Analysis reveals: CONWEP algorithm achieved the shortest computation time. The ALE algorithm demonstrated the longest runtime, where the total element count primarily determined efficiency. Scaled distance minimally impacted computation duration for any given algorithm. Notably, the CONWEP-ALE coupling algorithm reduced computation time by approximately 50% compared to the ALE algorithm while maintaining comparable or superior accuracy in predicting overpressure and displacement.

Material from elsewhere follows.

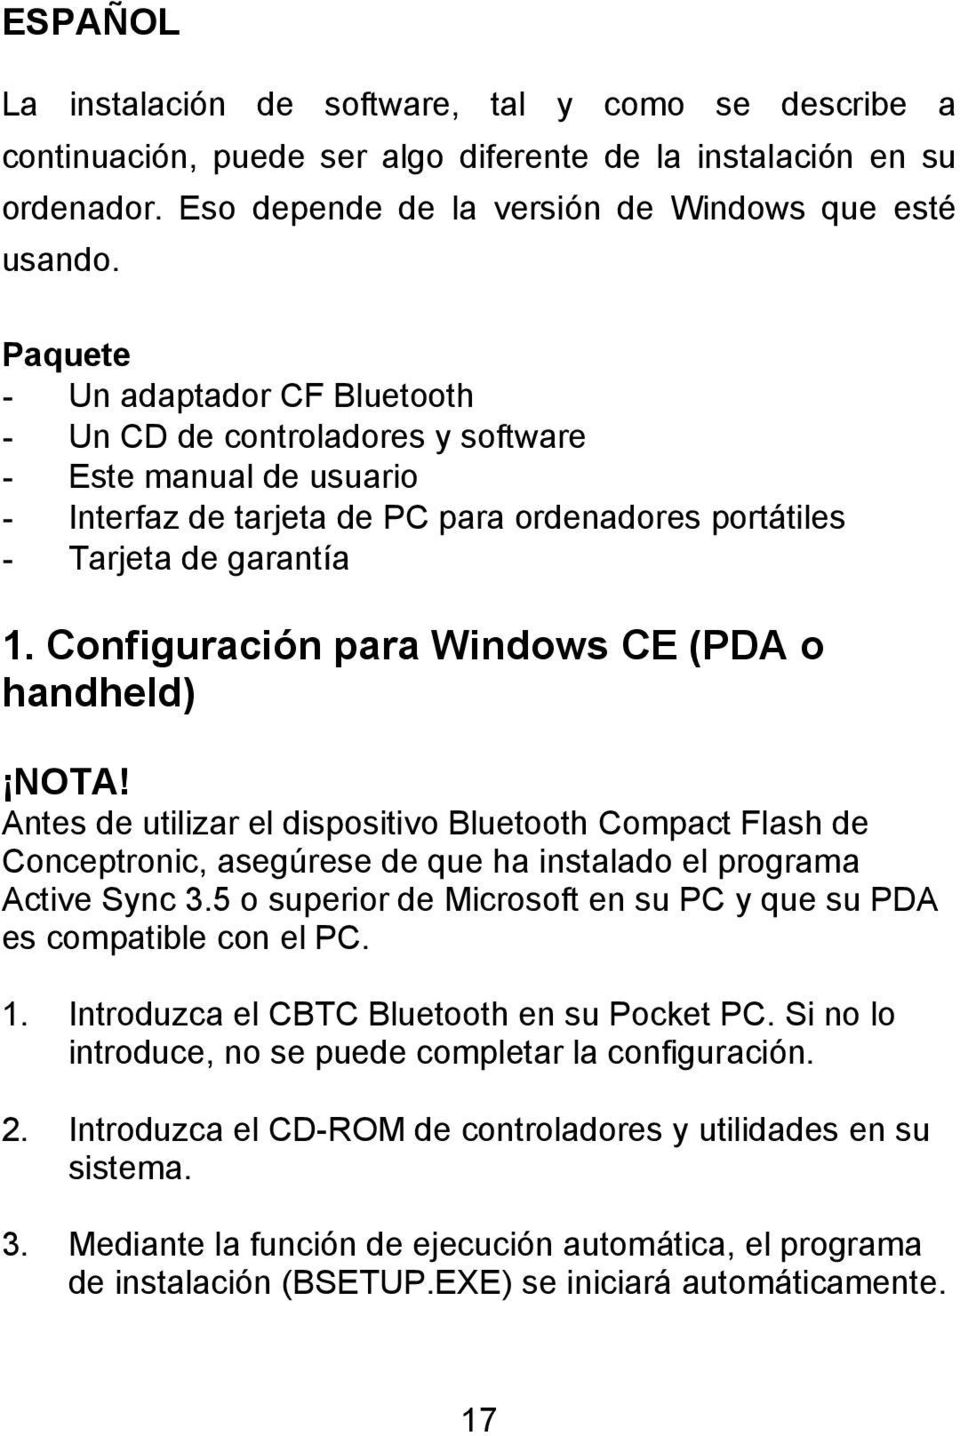 Configuración para Windows CE (PDA o handheld) NOTA! Antes de utilizar el dispositivo Bluetooth Compact Flash de Conceptronic, asegúrese de que ha instalado el programa Active Sync 3.

To provide a deeper insight into algorithmic efficiency,
Table 11 also presents the computational cost normalized by the seconds per 10
4 elements. The ALE algorithm shows the lowest normalized cost, indicating efficient per-element calculation within its fluid domain. The CONWEP-ALE coupling algorithm exhibits a higher normalized cost, which can be attributed to the additional computational overhead of the coupling interface (ambient layer). However, this is offset by an approximately 70% reduction in the number of air elements compared to the ALE model. Therefore, while the normalized efficiency of the coupled algorithm is lower, its strategic reduction in problem size results in a superior overall performance in terms of absolute computational time, making it a highly efficient approach for the intended application.
4.4. Discussion on Applicability to Confined and Reflective Conditions
A discussion on the performance of the proposed CONWEP-ALE coupling algorithm under confined or reflective conditions is warranted, given the open-field nature of the CONWEP empirical data. It is important to delineate the scope of the method’s applicability. The algorithm is not intended for scenarios with significant confinement, such as internal explosions in sealed chambers, where the empirical CONWEP input would be inherently inaccurate due to unmodeled global wave trapping and superposition.

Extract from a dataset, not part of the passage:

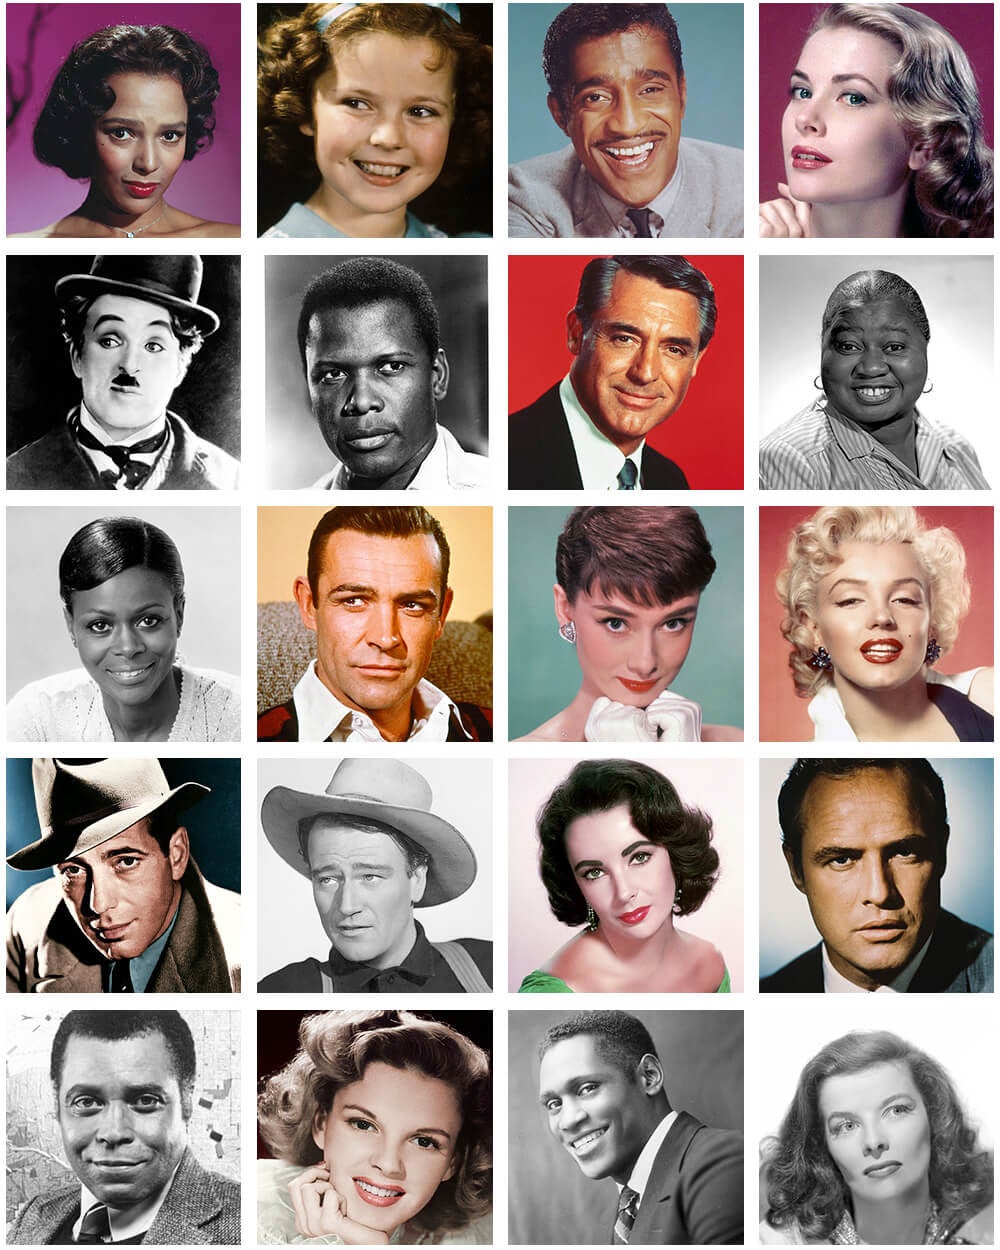 You Recognize Famous Classic Actors?

However, the strength of the proposed CONWEP-ALE coupling algorithm is its demonstrated capability to handle localized reflections in the immediate vicinity of the structural component. In such scenarios, the CONWEP load provides an efficient representation of the initial, incident far-field shockwave. The ALE domain can be strategically designed to encompass any nearby reflective surfaces.
In summary, while the coupled algorithm inherits the inherent limitations of the CONWEP model for scenarios involving significant confinement, it avoids the prohibitive computational cost of a full-scale ALE simulation of the entire environment. This positions the CONWEP-ALE coupling algorithm as a balanced and efficient solution for a wide range of practical engineering scenarios where accuracy and computational cost are both paramount.